There's this ACX post (that I only skimmed and don't have strong opinions about) which mostly seems to do this, minus the "pushing" part.

AI swarm writers:

Comms is a big bottleneck for AI safety talent, policy, and public awareness. Currently the best human writers are better than the best LLMs, but LLMs are better writers than 99% of humans and much easier to align to a message and style than human employees. In many venues (particularly social media) factors other than writing and analytical quality drive discourse. This makes a lot of comms a numbers game. And the way you win a numbers game is by scaling a swarm of AI writers. 

I'd like to see some people with good comms taste and epistemics, thoughtful quality control, and the diligence to keep at it experiment with controlling swarms of AI writers producing and distributing lots of decent quality content on AI safety. Probably the easiest place to get started would be on social media where outputs are shorter and the numbers game is much starker. As the swarms got good, they could be used for other comms, like blogs and op eds. 4o is good at designing cartoons and memes, which could also be utilized.

To be clear, there is a failure mode here where elites associate AI safety with spammy bad reasoning and where mass content dilutes the public quality of the arguments for safety, which are at the limit are very strong. But at the moment there is virtually zero content on AI safety, making the bar for improving discourse quality relatively low.

I've found some AI workflows that work pretty well, like recording long voice notes, turning them into transcripts, and using the transcript as context for the LLM to write. I'd be happy to walk interested people through this or, if helpful, write something public. 

Please correct me if I'm misunderstanding you but this idea seems to follow from a chain of logic that goes like this:

  1. We need more widely-read, high-quality writing on AI risk.
  2. Therefore, we need a large quantity of writing on AI risk.
  3. We can use LLMs to help produce this large quantity.

I disagree with #2. It's sufficient to make a smaller amount of really good content and distribute it widely. I think right now the bottleneck isn't a lack of content for public consumption, it's a lack of high-quality content.

And I appreciate some of the efforts to fix this, for example Existential Risk Observatory has written some articles in national magazines, MIRI is developing some new public materials, and there's a documentary in the works. I think those are the sorts of things we need. I don't think AI is good enough to produce content at the level of quality that I expect/hope those groups will achieve.

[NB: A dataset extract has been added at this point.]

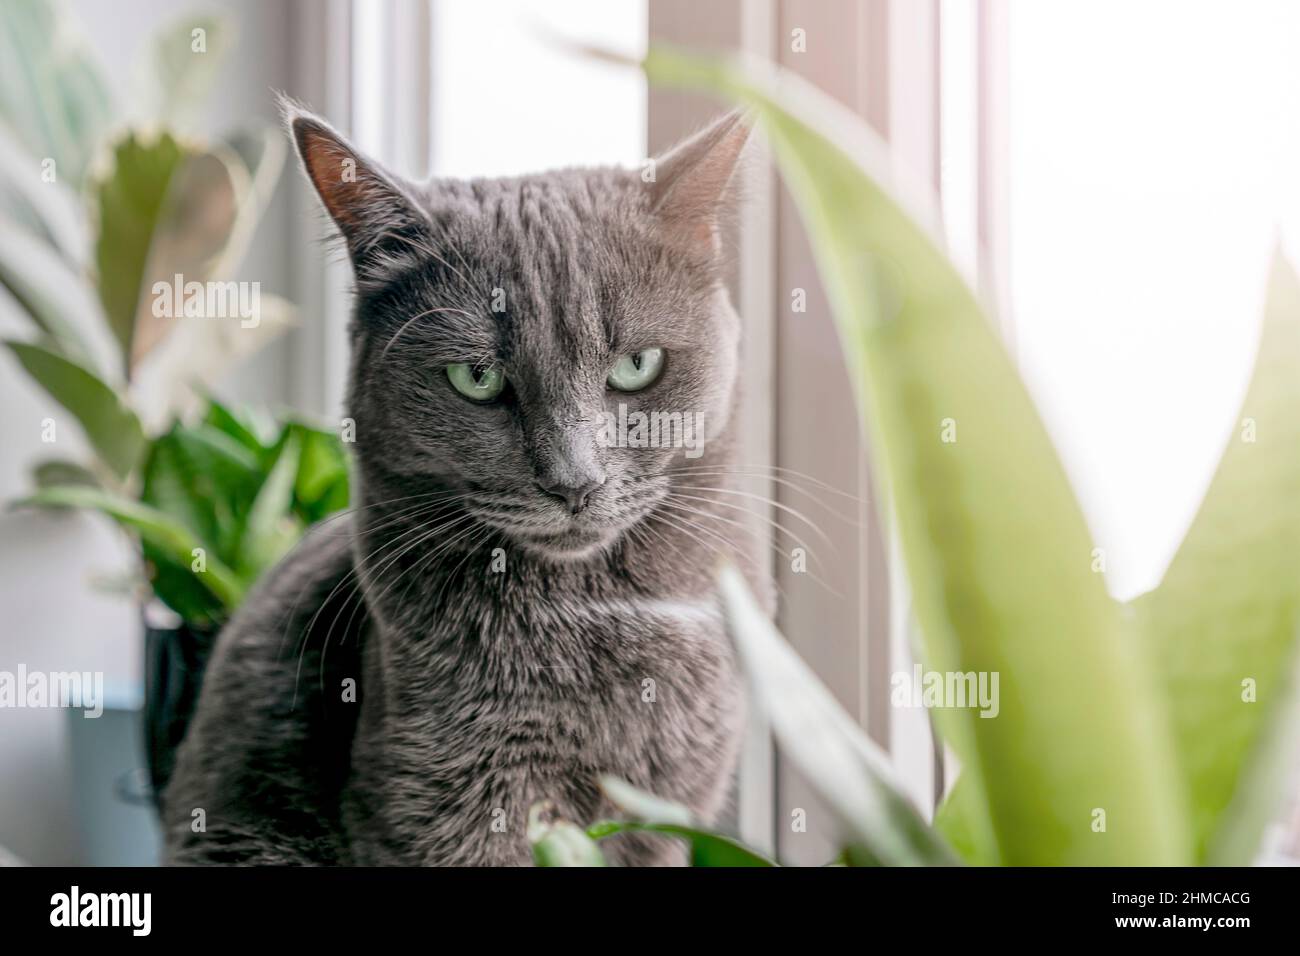 Un joli chat domestique gris repose sur un rebord de fenêtre entouré de plantes vertes. Un animal de compagnie doux donne sur la fenêtre à la lumière du jour. Concept vétérinaire. Banque D'Images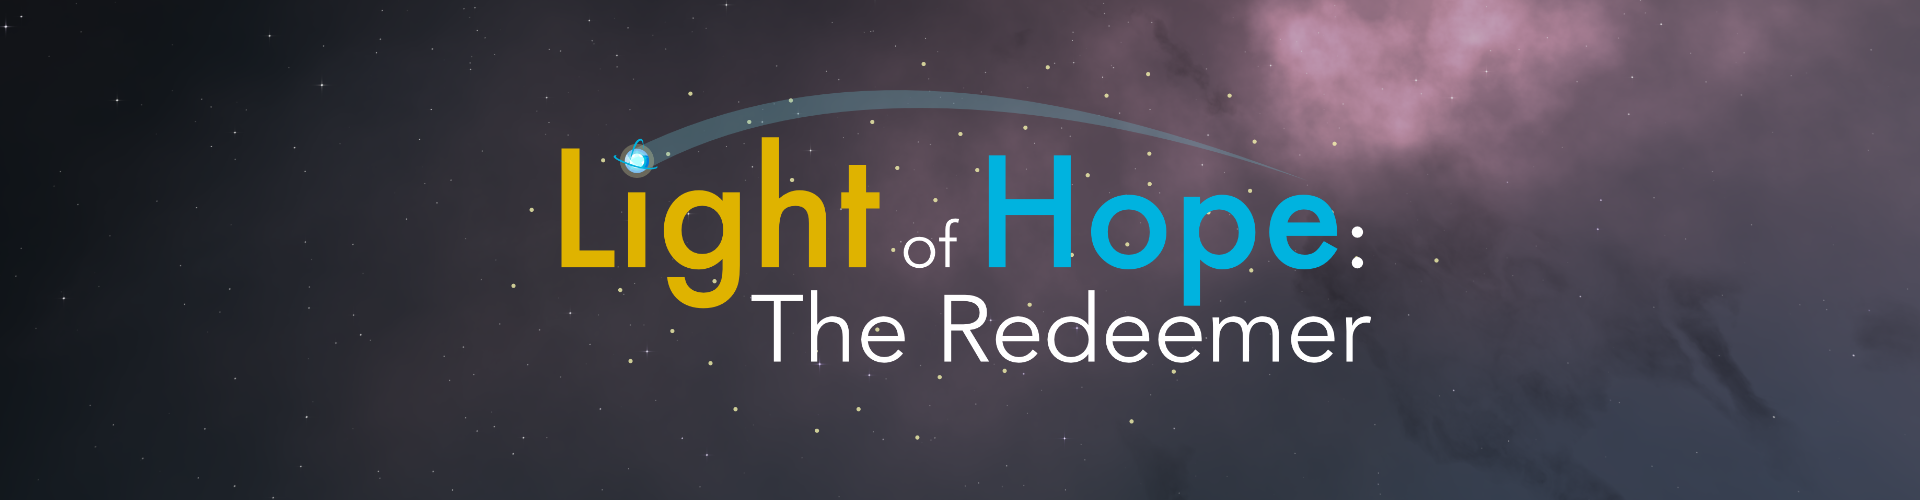 Light of Hope: The Redeemer [Tech Test]

(Take this comment as a weak endorsement of those three things but not a strong endorsement. I think they're doing the right kinds of things; I'm not strongly confident that the results will be high quality, but I hope they will be.)

Although, I do agree with you that LLMs can speed up writing, and you can make the writing high-quality as long as there's enough human oversight. (TBH I am not sure how to do this myself, I've tried but I always end up writing ~everything by hand. But many people have had success with LLM-assisted writing.)

There's an adjacent take I agree which is more like:
1. AI will likely create many high-stakes decisions and a confusing environment
2. The situation would be better if we could use AI to stay in-step with AI progress on our ability to figure stuff out

3. rather than waiting until the world is very confusing, maybe we should use AIs right now to do some kinds of intellectual writing, in ways we expect to improve as AIs improve (even if AI development isn't optimising for intellectual writing).

I think this could look a bit like company with mostly AI workers that produces writing on a bunch of topics, or as a first step, heavily LM written (but still high-quality) substack.

If you want to reach a very wide audience the N times they need to read and think about and internalize the message you can either write N pieces that reach that whole audience or N×y pieces that reach a portion of that audience. Generally, if you have the ability to efficiently write N×y pieces, then the latter is going to be easier than the former. This is what I mean about comms being a numbers game, and I take this to be pretty foundational to a lot of comms work in marketing, political campaigning, and beyond.

Though I also agree with Caleb's adjacent take, largely because if you can build an AI company then you can create greater coverage for your idea, arguments, or data pursuant to the above. 

Of course there's large and there's large. We may well disagree about how good LLMs are at writing. I think Claude is about 90th percentile as compared to tech journalists in terms of factfulness, clarity, and style. 

You could instead or in addition do a bunch of paid advertising to get writing in front of everyone. I think that's a good idea too, but there are also risks here like the problems that faces WWOTF's advertising when some people saw the same thing 10 times and were annoyed. 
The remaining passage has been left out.